• WHAT IS NEEDED:
What is needed here is an exact printout of the data, with no pictures included.

• DATA:
· · · ·

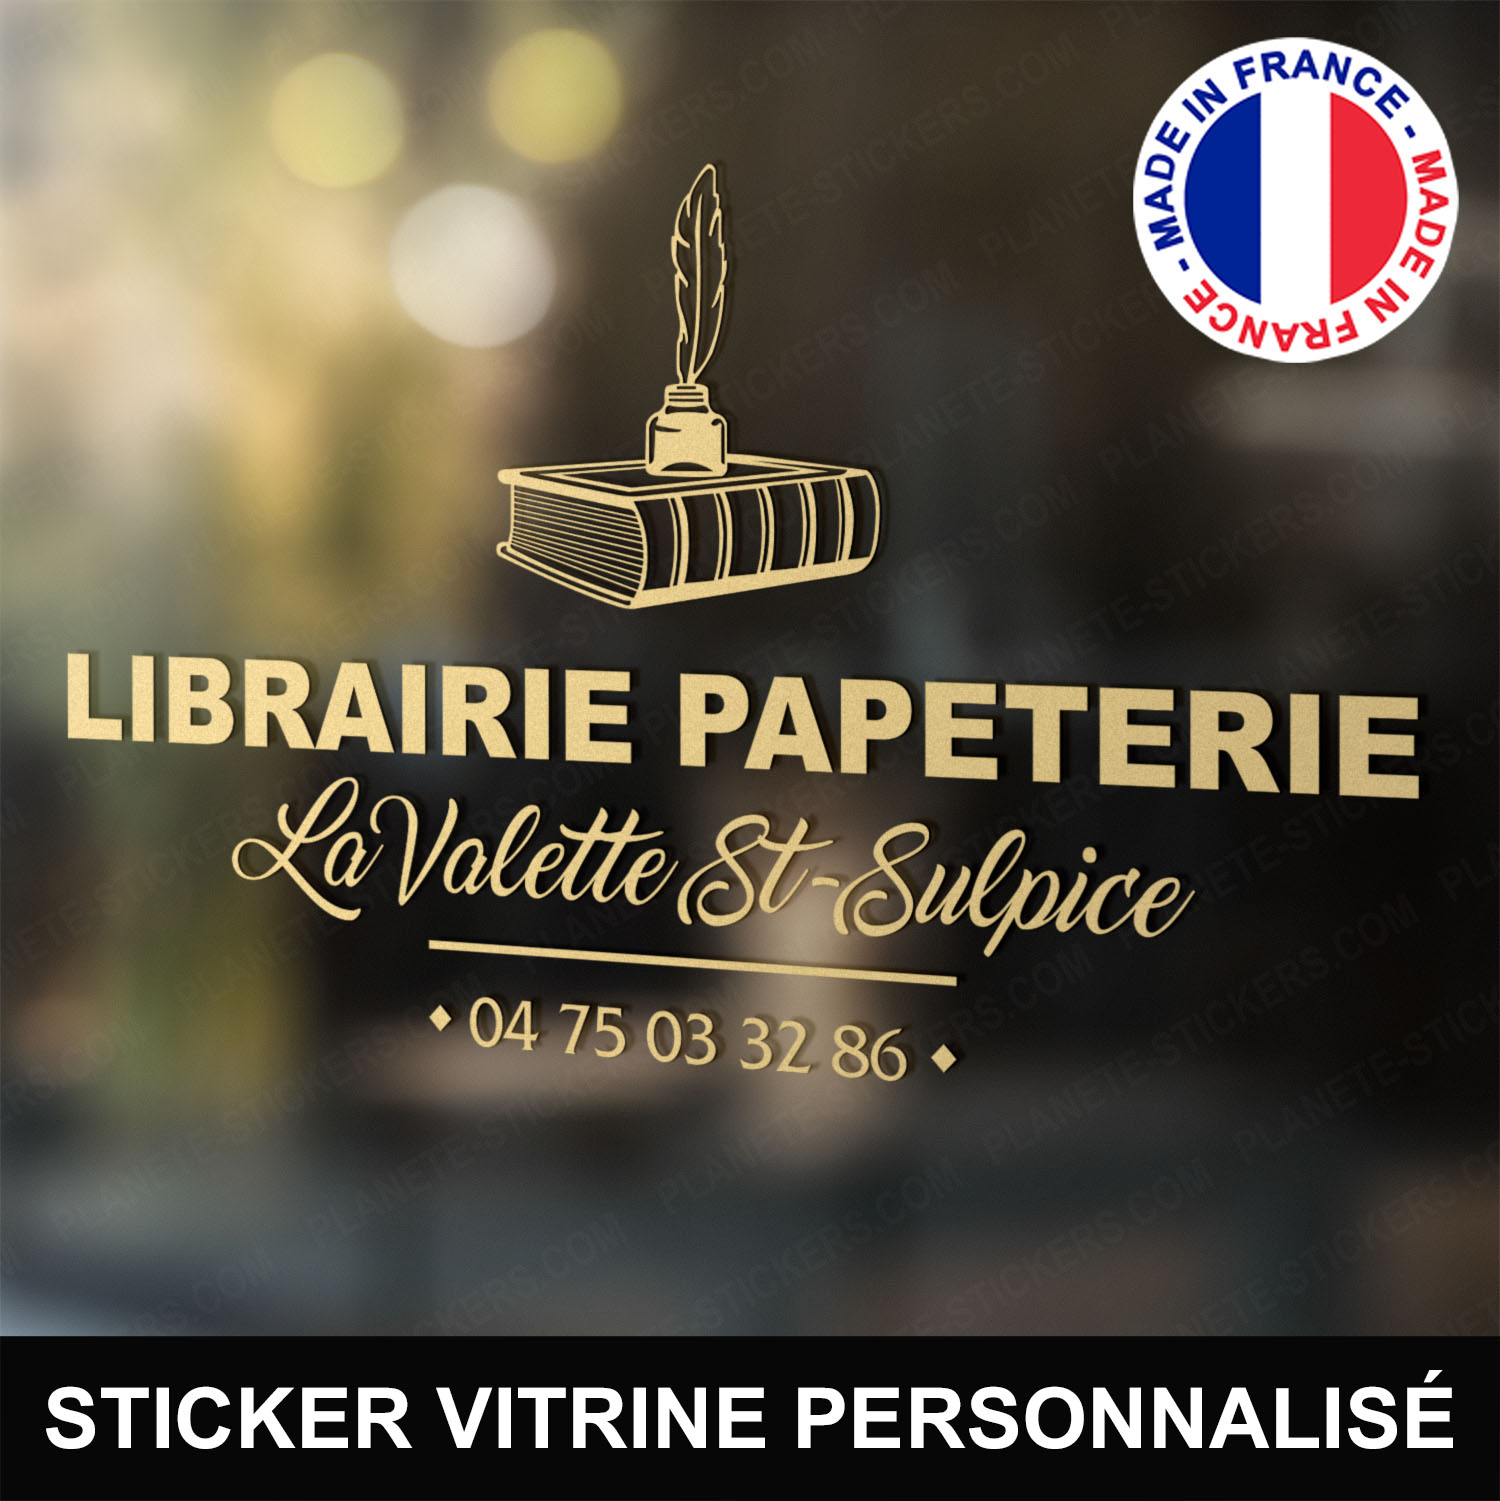 ref4librairiepapeterievitrine-stickers-librairie-papeterie-vitrine-sticker-personnalisé-autocollant-vitre-vitrophanie-logo-plume-encrier
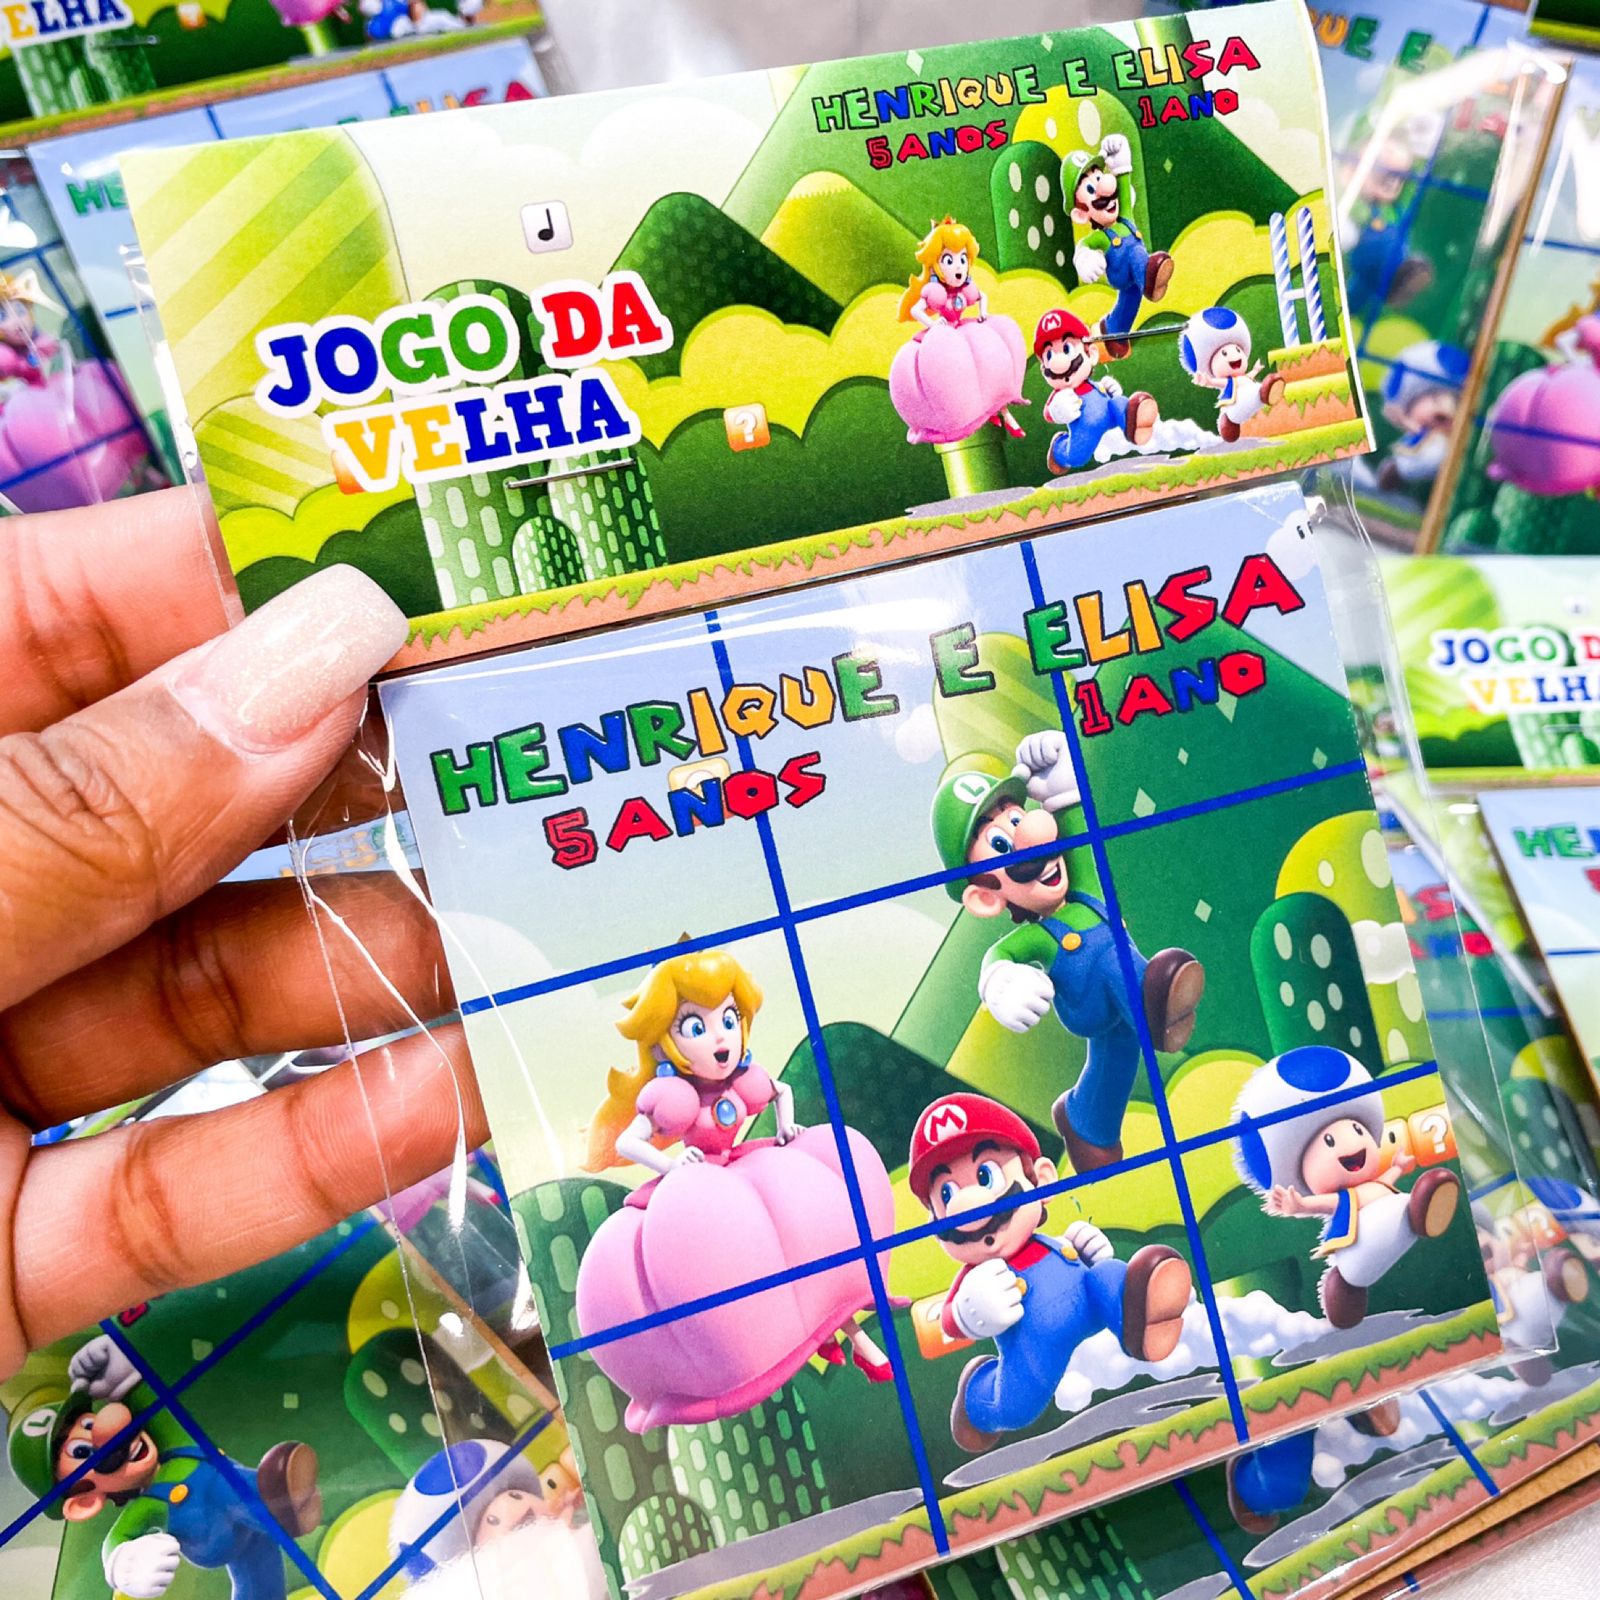 60 Jogos Da Velha Mdf Personalizado Lembrancinha Infantil
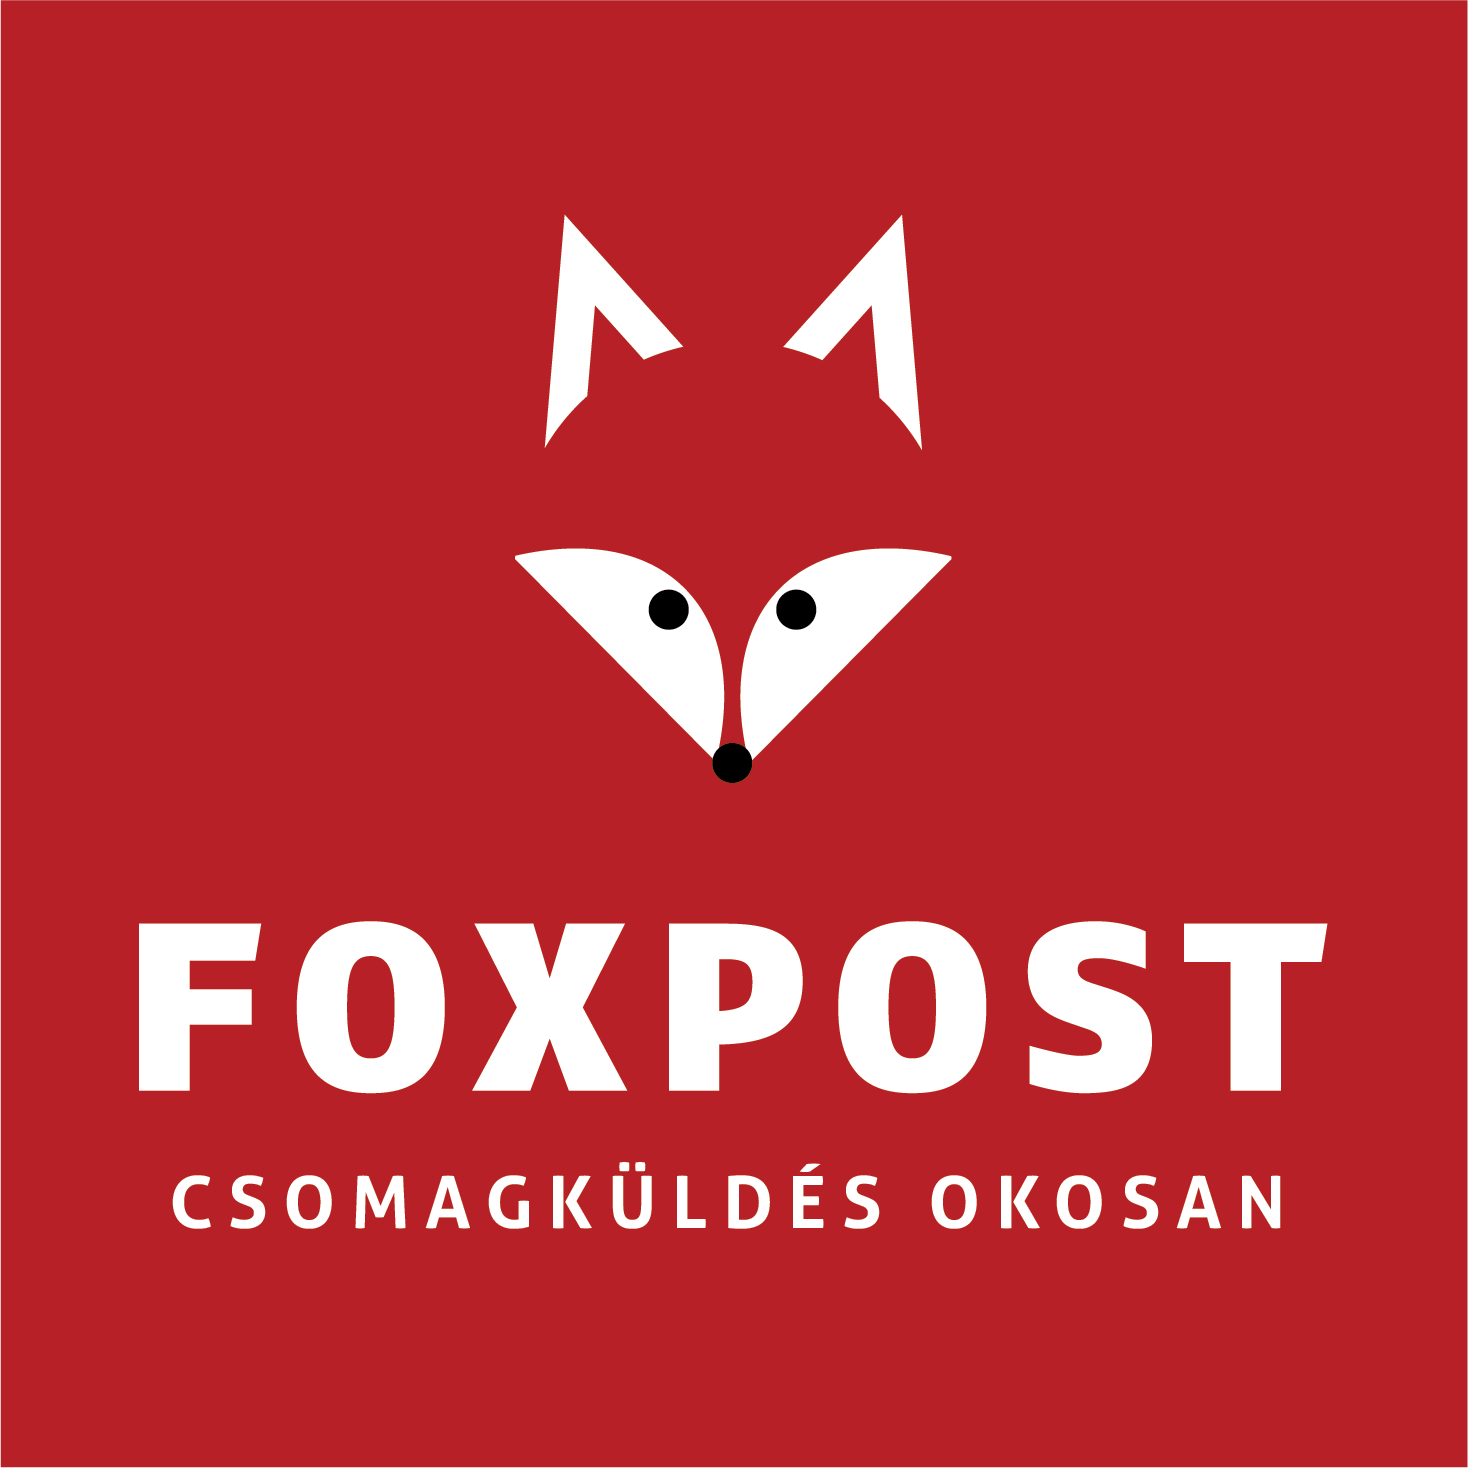 foxpost - mirunska.com
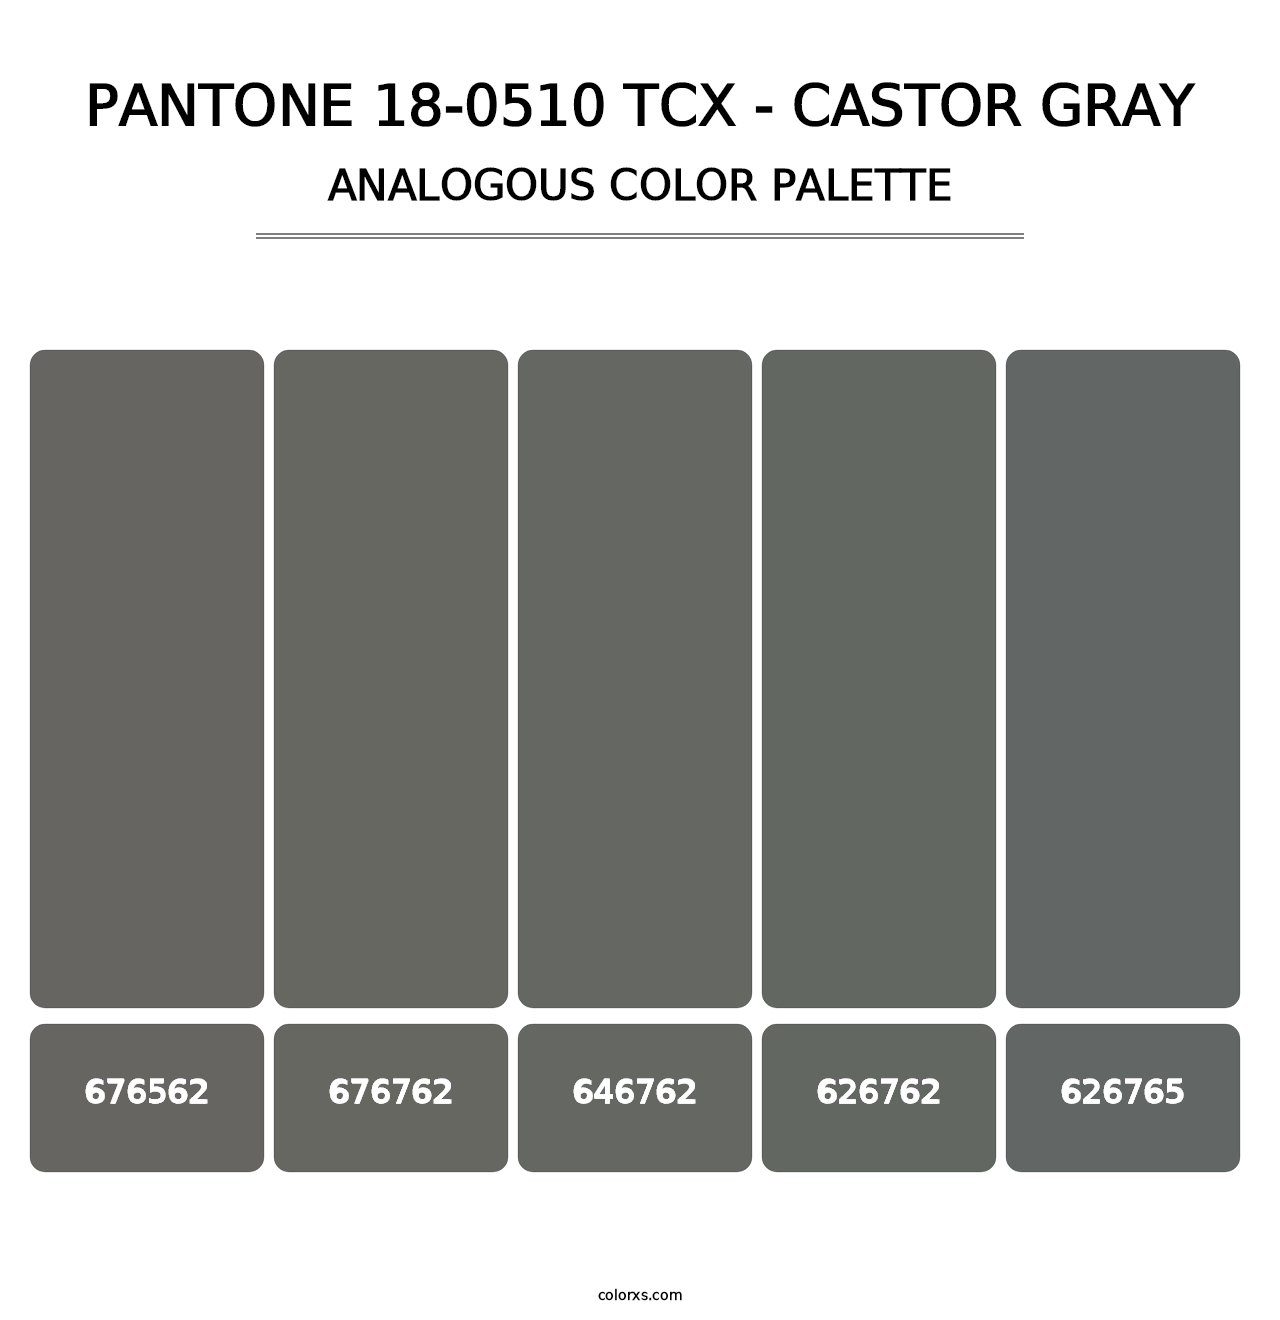 PANTONE 18-0510 TCX - Castor Gray - Analogous Color Palette

· · · ·

• TASK ANSWER:
 ref4librairiepapeterievitrine-stickers-librairie-papeterie-vitrine-sticker-personnalisé-autocollant-vitre-vitrophanie-logo-plume-encrier
 60 Jogos Da Velha Mdf Personalizado Lembrancinha Infantil
 foxpost - mirunska.com
 PANTONE 18-0510 TCX - Castor Gray - Analogous Color Palette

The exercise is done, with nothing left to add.